Wino115 wrote: I'm still curious if we're just at 1 patient or there's more. Given those clinics are huge and well-known centers doing hundreds of trials, I doubt we'll see the level of excitement expressed by good Dr. Shah in Gettysburg. Hopefully we get a follow-up from them or the local paper in a few months.
scarlet1967 wrote: That's correct if you go to their main website and search for clinical trials then choose cancer you get to the link I posted earlier. They have many locations I believe that link possibly shows the trials for all the locations.
Wino115 wrote: Isn't Cedars Sinai in LA the third?
scarlet1967 wrote: I will be delighted if you or anyone else beat me re good news:)

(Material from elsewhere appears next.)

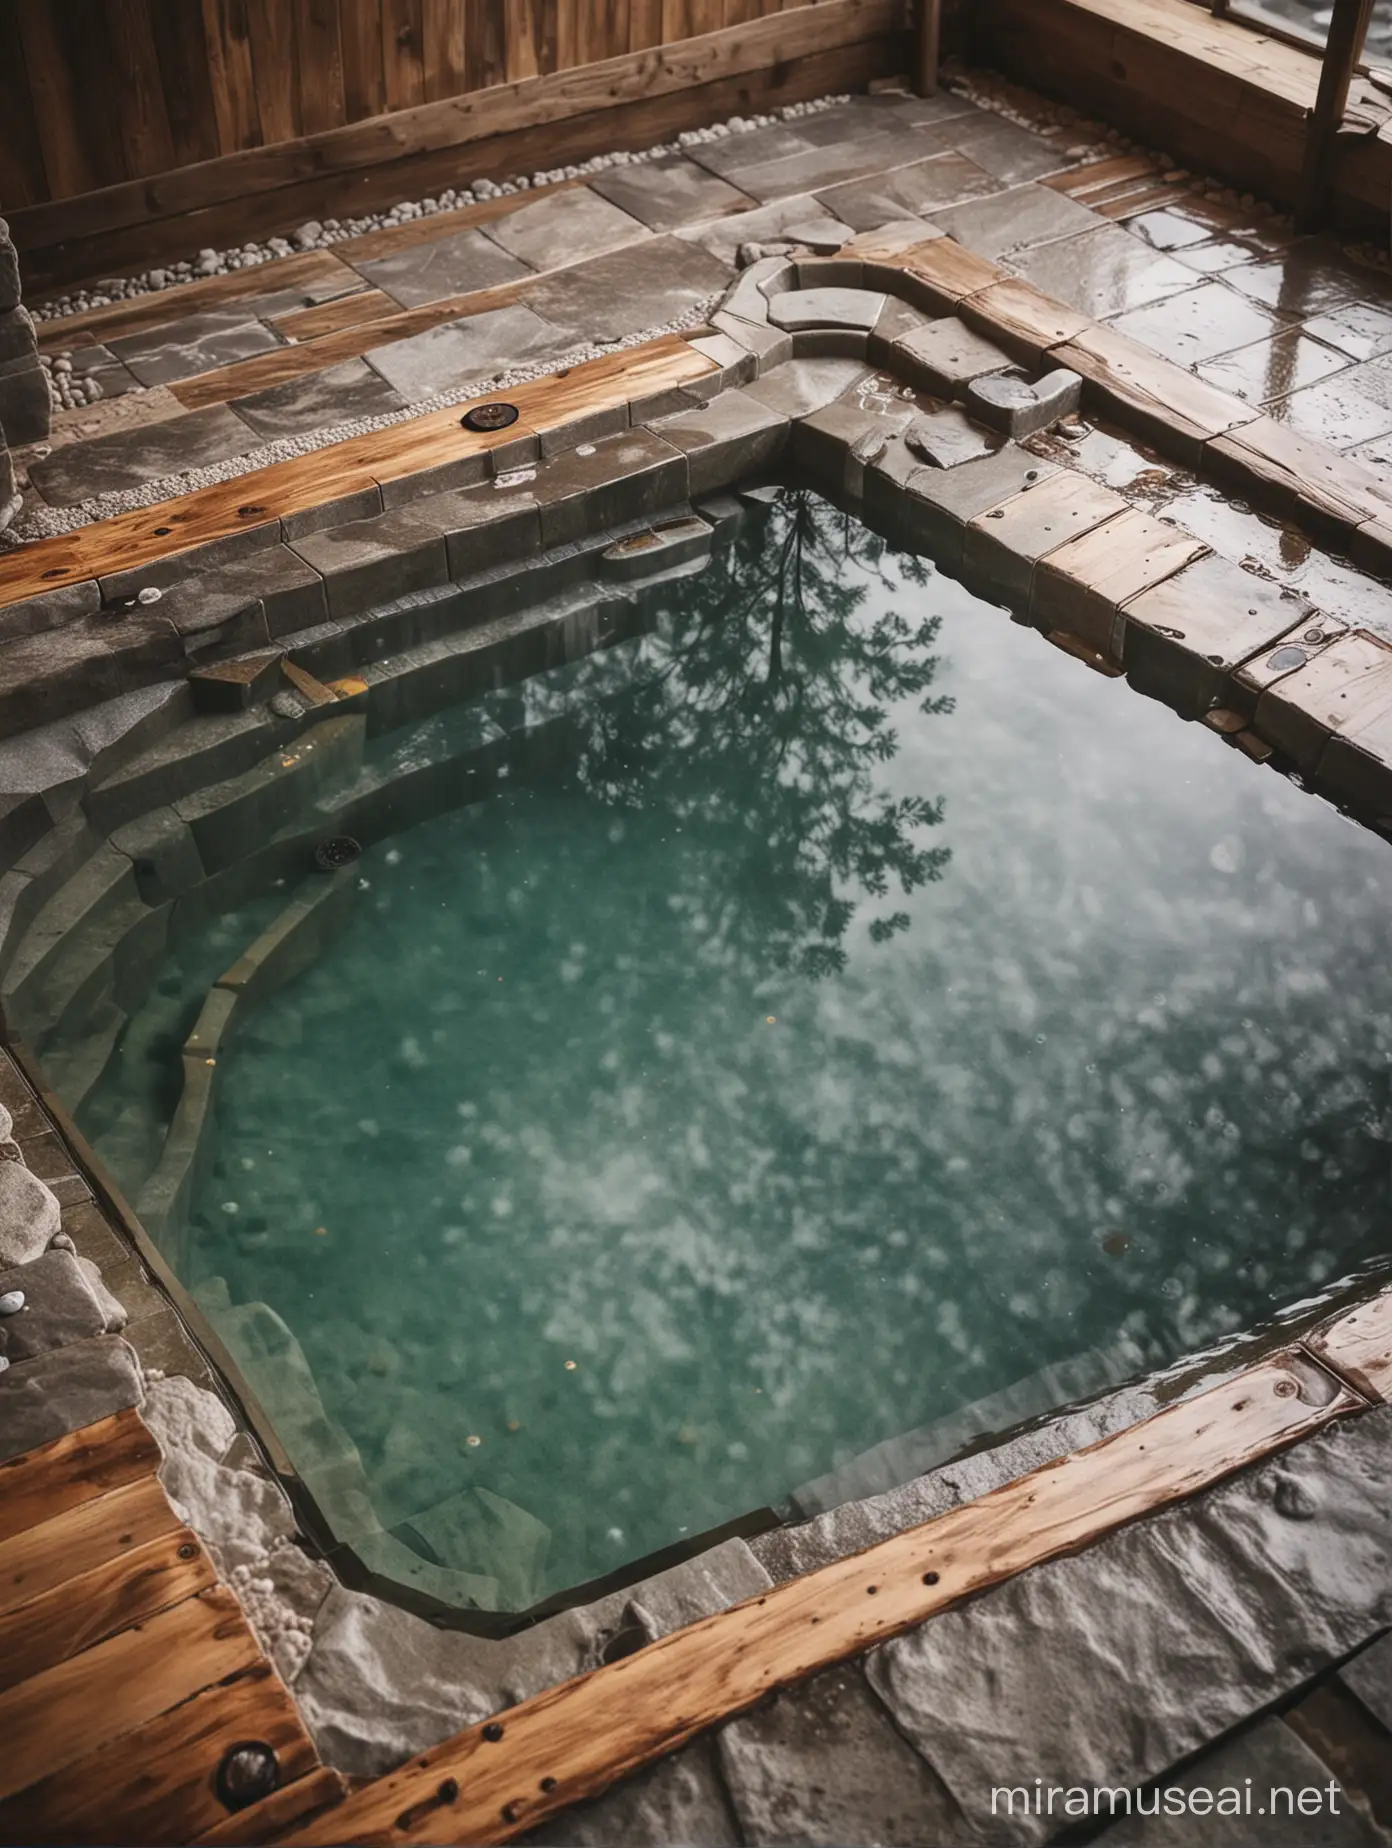 CloseUp HighQuality Indoor Hot Spring with Diagonal Composition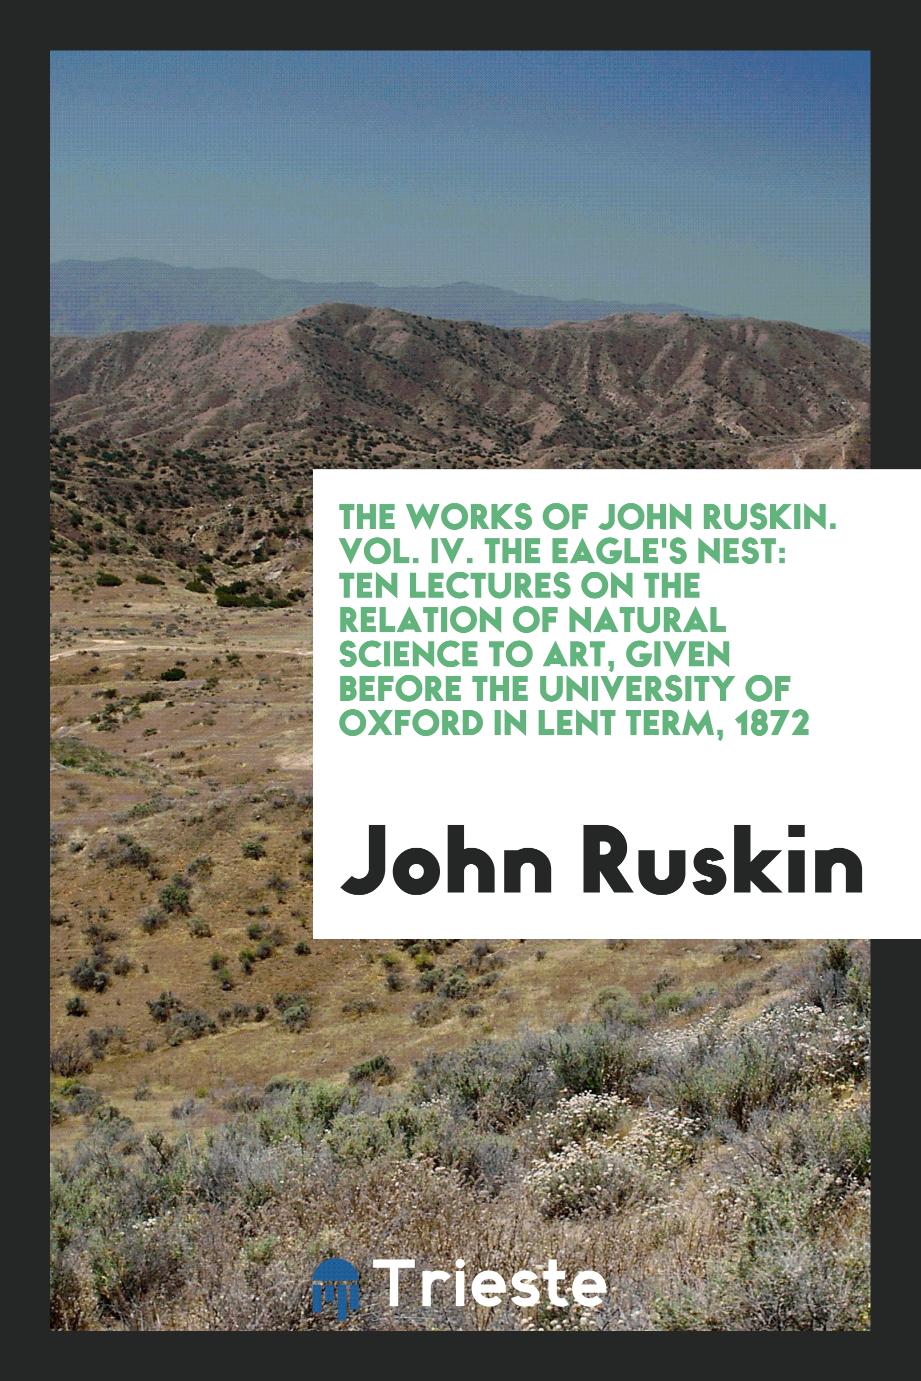 The Works of John Ruskin. Vol. IV. The Eagle's Nest: Ten Lectures on the Relation of Natural Science to Art, Given Before the University of Oxford in Lent Term, 1872

Hopefully the company itself start communicating the good news more often on well followed platforms.
qwerty22 wrote: I've been doing the same.
It annoyed me that you beat me to seeing the trial appear on the md Anderson website :)
scarlet1967 wrote:
Cancer
Cancer
Find a Karmanos Clinical Trial
These are the other two cancer clinics although it’s early in the process I periodically check their site in case TH1902 shows up.
Both centres seem to be well resourced.